Bing Search Revamped: Faster and Smarter Results

Microsoft has revamped Bing’s search technology by integrating advanced language models, promising cost savings alongside quicker and more accurate search outcomes.

The latest updates feature a combination of large language models (LLMs), small language models (SLMs), and cutting-edge optimization strategies aimed at refining search performance.

Advancements in Search Technology

Microsoft revealed these enhancements in a recent announcement, emphasizing their commitment to improving search. According to the company:

“At Bing, innovation drives our approach to search. By utilizing both Large Language Models (LLMs) and Small Language Models (SLMs), we’ve reached a pivotal moment in boosting search efficiency. While transformer models have been effective, evolving user demands require even more capable systems.”

Balancing Performance and Efficiency

Implementing LLMs often raises challenges related to speed and operational costs. To address this, Bing developed SLMs, which are said to operate 100 times faster than traditional LLMs. The company elaborated:

“LLMs are resource-intensive and slow to execute. To enhance performance, we’ve trained SLMs, achieving approximately 100x throughput improvement over LLMs, resulting in faster and more precise query processing.”

Additionally, Bing employs NVIDIA’s TensorRT-LLM technology to optimize the performance of these models. TensorRT-LLM enables faster and more cost-effective execution of large models on NVIDIA GPUs.

Enhancing Deep Search

Microsoft’s technical documentation highlights how integrating TensorRT-LLM has transformed Bing’s “Deep Search” functionality, which uses SLMs to deliver relevant results in real-time.

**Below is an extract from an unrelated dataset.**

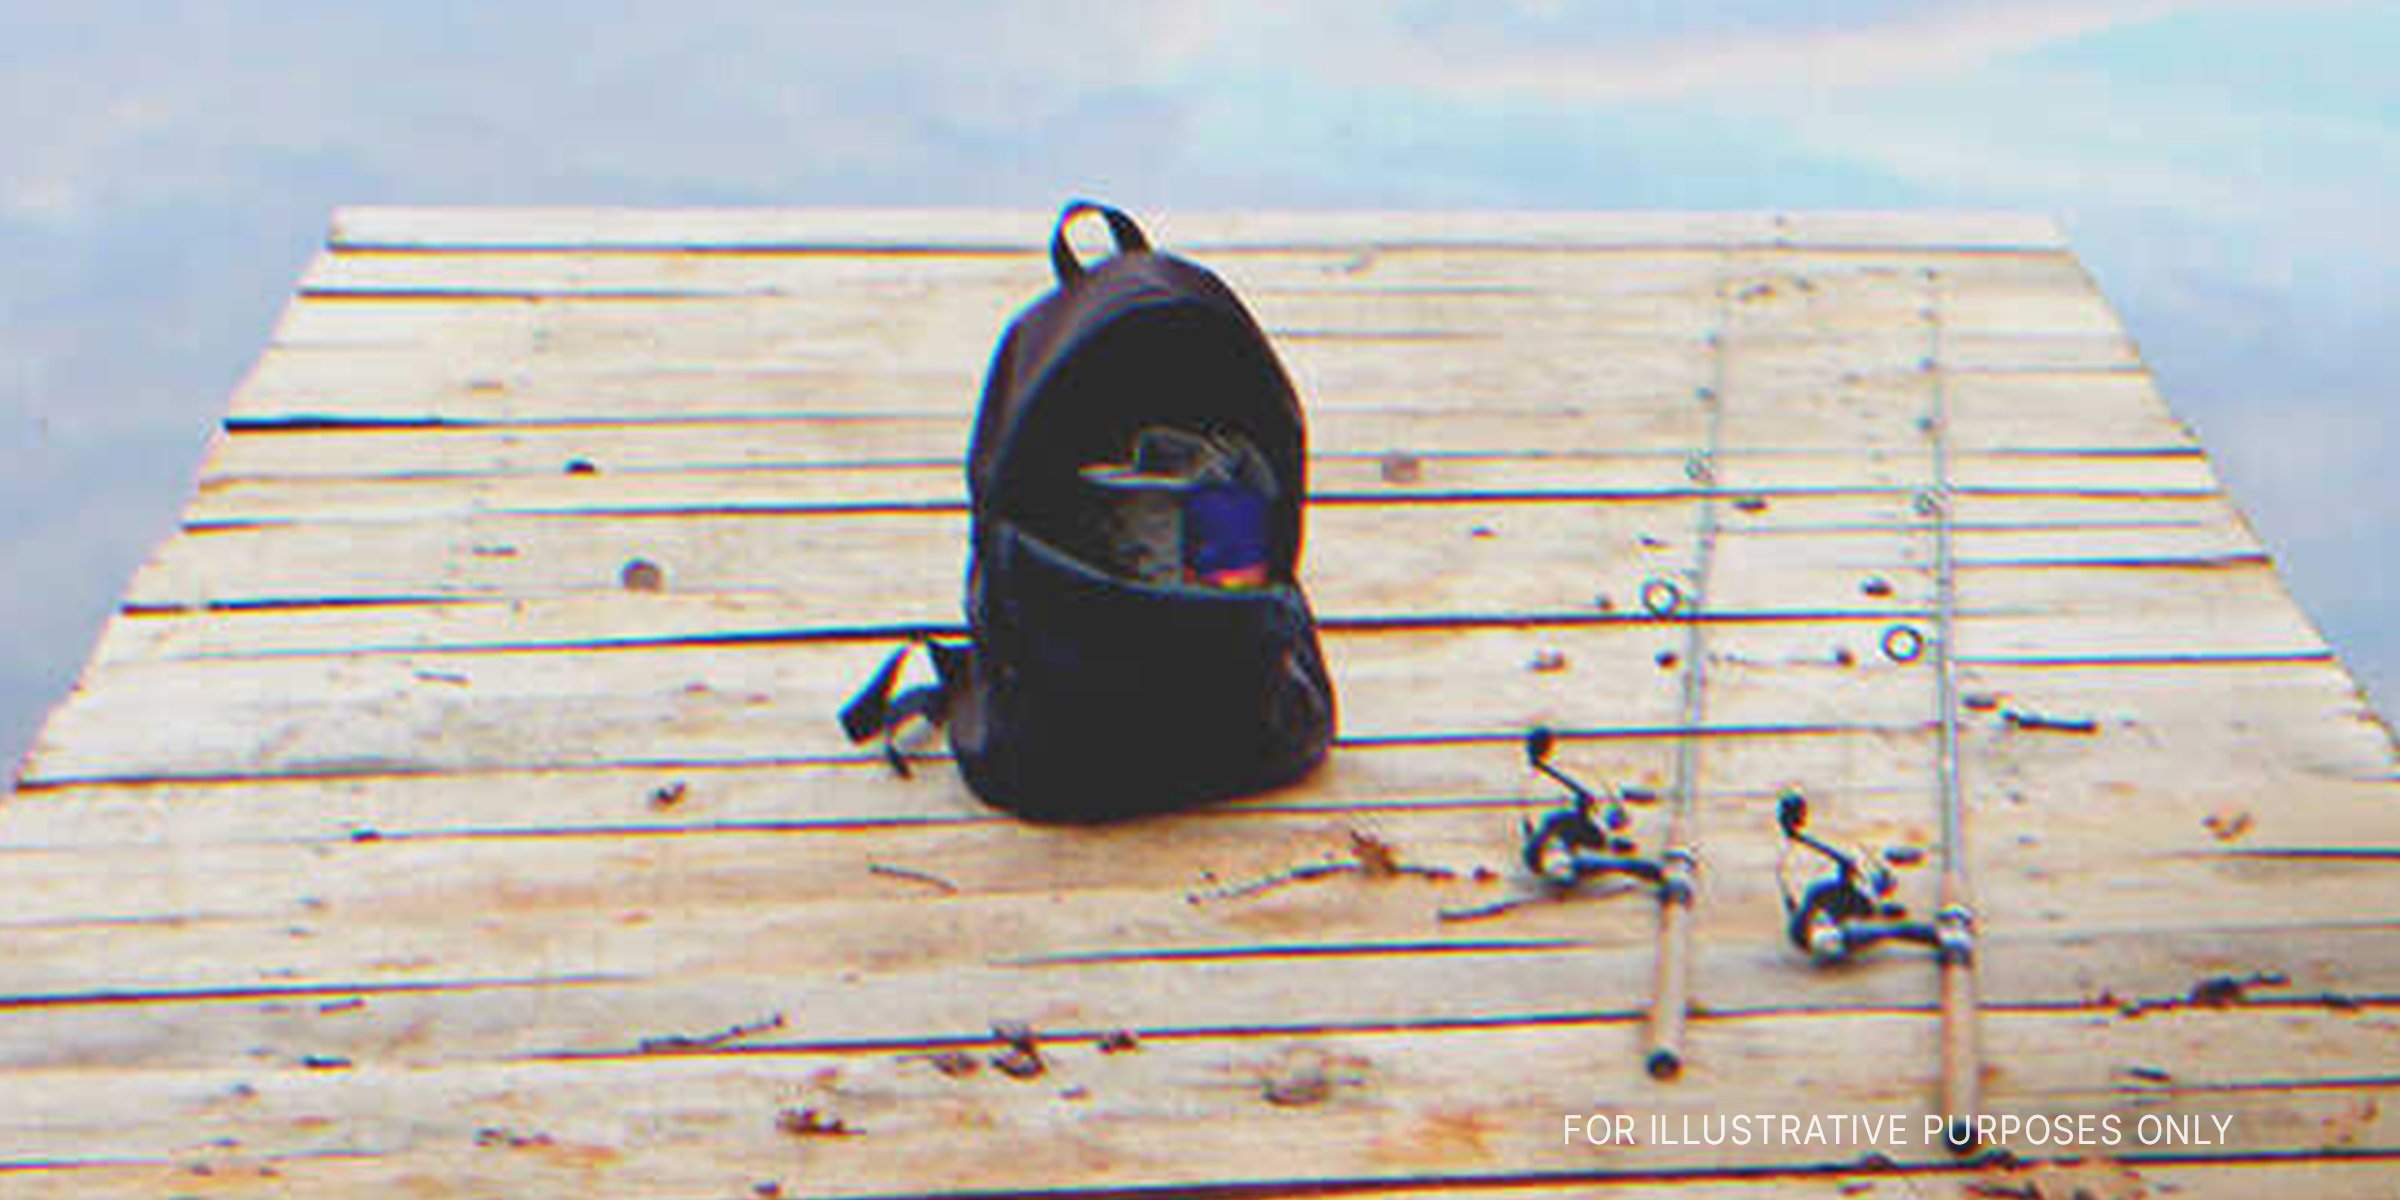 Fishing Rods And Backpack On Wooden Plank. | Source: Shutterstock

Previously, Bing’s transformer model exhibited a latency of 4.76 seconds per batch (20 queries) and a throughput of 4.2 queries per second per instance. With TensorRT-LLM, latency has dropped to 3.03 seconds per batch, while throughput increased to 6.6 queries per second per instance. This represents a 36% reduction in latency and a 57% improvement in operational efficiency.

Microsoft affirmed:

“Our mission is to deliver the best search experience without compromising quality. TensorRT-LLM allows us to reduce inference time, enhancing overall response speed while maintaining top-notch results.”

Benefits for Users

These advancements offer several advantages for Bing users:

Faster and more responsive search results
Enhanced accuracy through SLMs, ensuring better context in answers
Improved cost-effectiveness, enabling future innovations and upgrades

The Significance of Bing’s Strategy

By adopting a hybrid approach of LLMs, SLMs, and TensorRT optimization, Bing is positioning itself as a leader in handling increasingly complex user queries.

As search engines strive to meet growing expectations, Bing’s use of smaller, highly optimized models demonstrates how modern search can balance speed, precision, and efficiency.